В общем, я вам здесь не единомышленник.
— Смотрите, а вот православные активисты сейчас разрушили скульптуры Сидура в Манеже. Вам не кажется, что это явления одного порядка?
— Я что-то слышал краем уха. Но, мне кажется, эта история и «Шарли Эбдо» — несравнимые явления.
— А мне, напротив, они кажутся одним. И предрассудки людей, считающих, что нельзя снимать на кладбище, — туда же.
— Смотрите. Можно делать все. Вопрос: для чего? Чего я хочу? Чтобы фильм посмотрели мои друзья или чтобы много народу? Только в этом вопрос. Я тоже люблю фильмы, где шутят над мертвецами. Но я — это я. А человек из Красноярска — это человек из Красноярска. Который не хуже меня потому, что у него есть табуированные темы для стеба. А может быть, даже лучше меня. Почему я должен снимать так, чтобы он не смотрел и не нес свои деньги в кассу? Поэтому я буду делать для него, чтобы он посмотрел и у него не возникло отторжения. Это кассовый фильм.
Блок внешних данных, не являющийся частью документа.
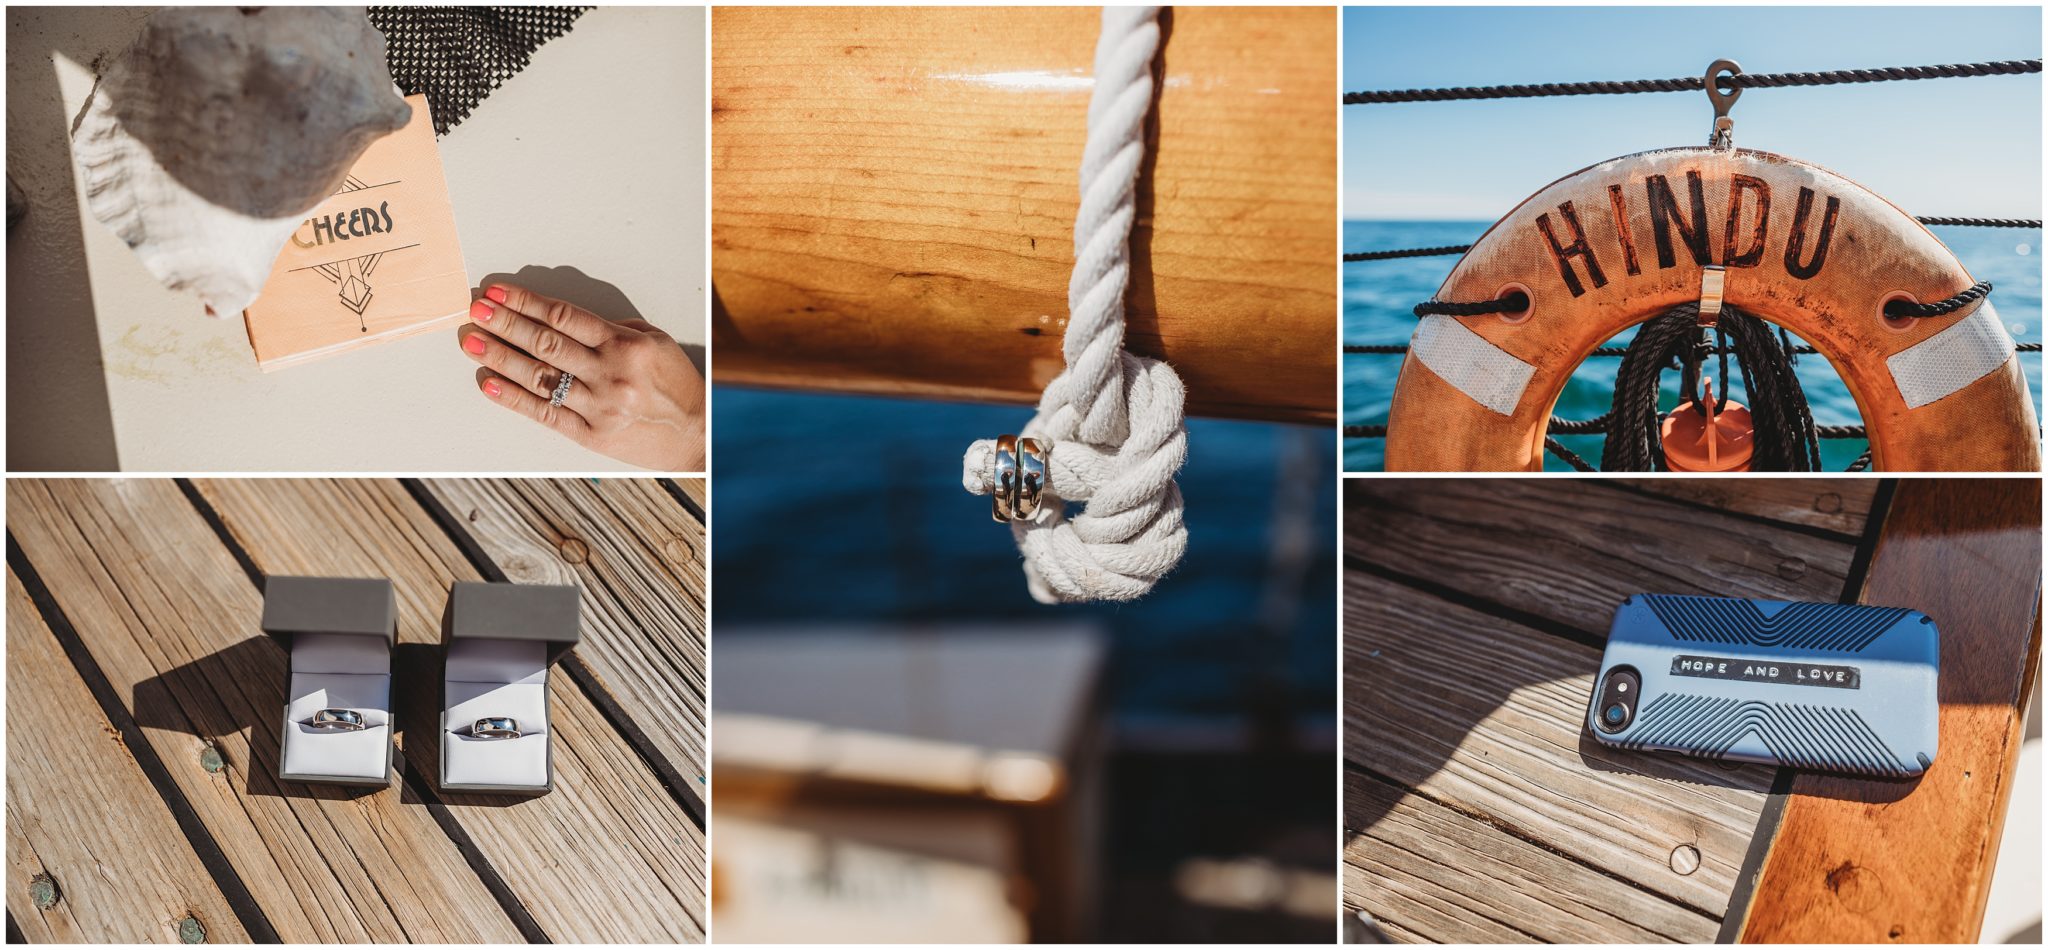 grooms rings on boat - boston destination wedding photography

— А вы сами смеетесь черным шуткам?
— Я люблю, да. Но многим не нравится. Диктовать искусству нельзя. Но и наступать на больные места тоже не стоит.
— Религия — больное место?
— У мусульман — точно.
— Так, может, полечить?
— Может. Но я совершенно не могу в это лезть. Это их дело. Мусульман сплачивает их религия. Как только что-то с кем-то случается — кавказцы всегда приезжают все вместе.
— Да у нас тоже братва приедет.
— Ну вот тут не надо. Тут я как раз тему хорошо понимаю. Наша братва приедет — и помолчит.
— Про братву откуда понимаете?
— Я из Челябинска. Вращался в кругах, где это в какой-то момент культивировалось. Да так по всей России было в 90-е — 2000-е, годы расцвета бандитизма. У меня были друзья, которые шли криминальным путем.
— Такая реальная братва — в трениках, в цепях?
— Цепей не было. Треники только. Делали поставки на зону. Собирали «подогрев»: чтобы люди там имели чай, тушенку. У них были свои ребята. Был человек, которого хотели короновать вором в законе. Короче, я понимаю, что они тоже сразу приедут. Но вообще русский человек долго раскачивается. Пока его не ударят десять раз — он только тогда начинает собираться и куда-то двигаться. Мы гораздо больше разобщены, даже территориально. Нет, когда надо — мы собираемся. Но пока это «надо» произойдет, непонятно, сколько должно пройти времени.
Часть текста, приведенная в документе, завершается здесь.